Zweiter Mittelstandskongress der Sparkasse Lüneburg mit 300 Besuchern: Zukunftsforscher Sven Gabor Jánszky erläutert den Reality Gap und rechnet zumindest mit der virtuellen Unsterblichkeit
A usverkauft! Mit 300 Gästen hat der zweite Mittelstandskongress, zu dem die Sparkasse Lüneburg ins Zentralgebäude der Leuphana Universität eingeladen hatte, die Erwartungen voll erfüllt. Marktvorständin Janina Rieke ließ in ihrer Begrüßungsrede kurz das ambitionierte Programm aufleuchten und nannte als Anlass für den aufwändigen Event: „Der Mittelstand ist ein Eckpfeiler der Gesellschaft. Dieser Kongress, den wir zwei Jahre lang vorbereitet haben, ist keine klassische Netzwerkveranstaltung oder Kundenveranstaltung. Der MSK ist adressiert an die ganze Metropolregion. Wir wollen eine Plattform bieten und miteinander ins Gespräch kommen.“ Das ging voll auf, denn die Themen der prominent besetzten Redner-Riege hatten es in sich – allen voran Zukunftsforscher Sven Gabor Jánszky, Gründer und Leiter des 2b Ahead Thinktanks, der unter anderem die Zukunftsvision von der Unsterblichkeit an die Wand malte.

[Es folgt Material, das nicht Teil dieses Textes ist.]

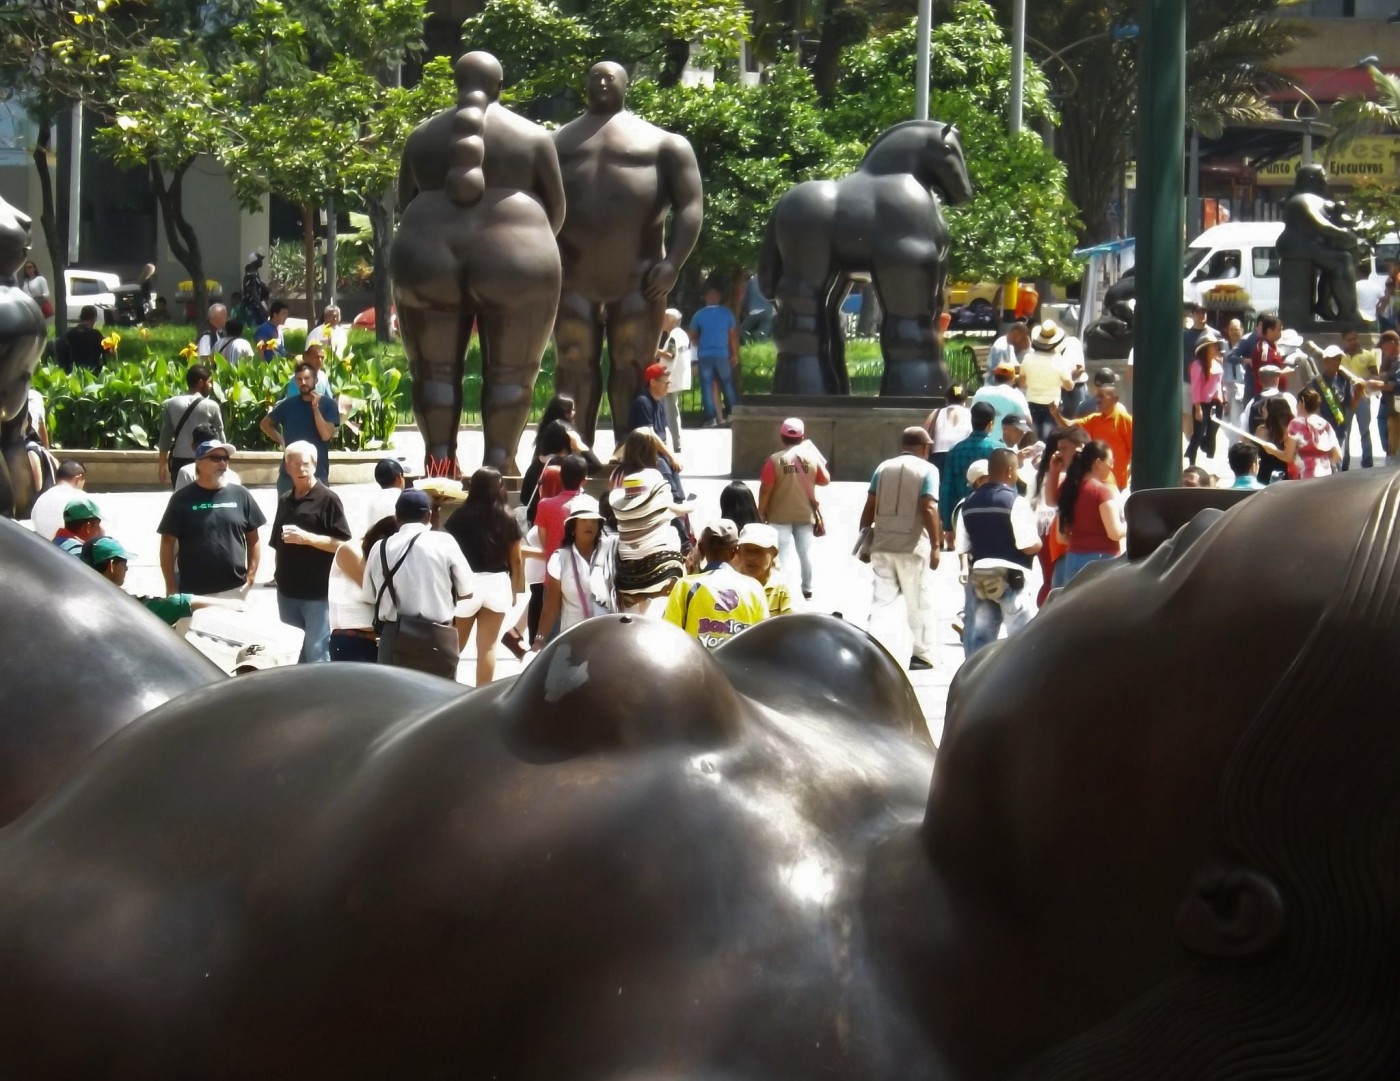 Plaza Botero, Medellin, Colombia © Young Shananhan / Flickr

Jánszkys Vortragstitel gab die Richtung vor: Wie viel Mensch verträgt die Zukunft? Klingt so, als funktioniere Zukunft auch ohne Menschen. Tatsächlich sind die meisten wohl schlicht über: „Nicht mehr als 20 Menschen weltweit entscheiden über die wesentliche Entwicklung in der Zukunft.“ Er appellierte an die Zuhörer, sich sehr genau anzuschauen, was sich in den jeweiligen Branchen tut. Und er erläuterte den neuen Begriff Reality Gap – die Realitätslücke, die entsteht, wenn die Zukunftsprognosen zweier Gruppen verglichen werden. Hier die „Dichter und Denker“, die eine leicht ansteigende lineare positive Erwartung haben, im Sinne von „es wird vielleicht ein bisschen besser“. Dort die Technologieentwickler, deren Erwartungen in einer exponentiell steigenden Kurve nach oben abgebildet sind.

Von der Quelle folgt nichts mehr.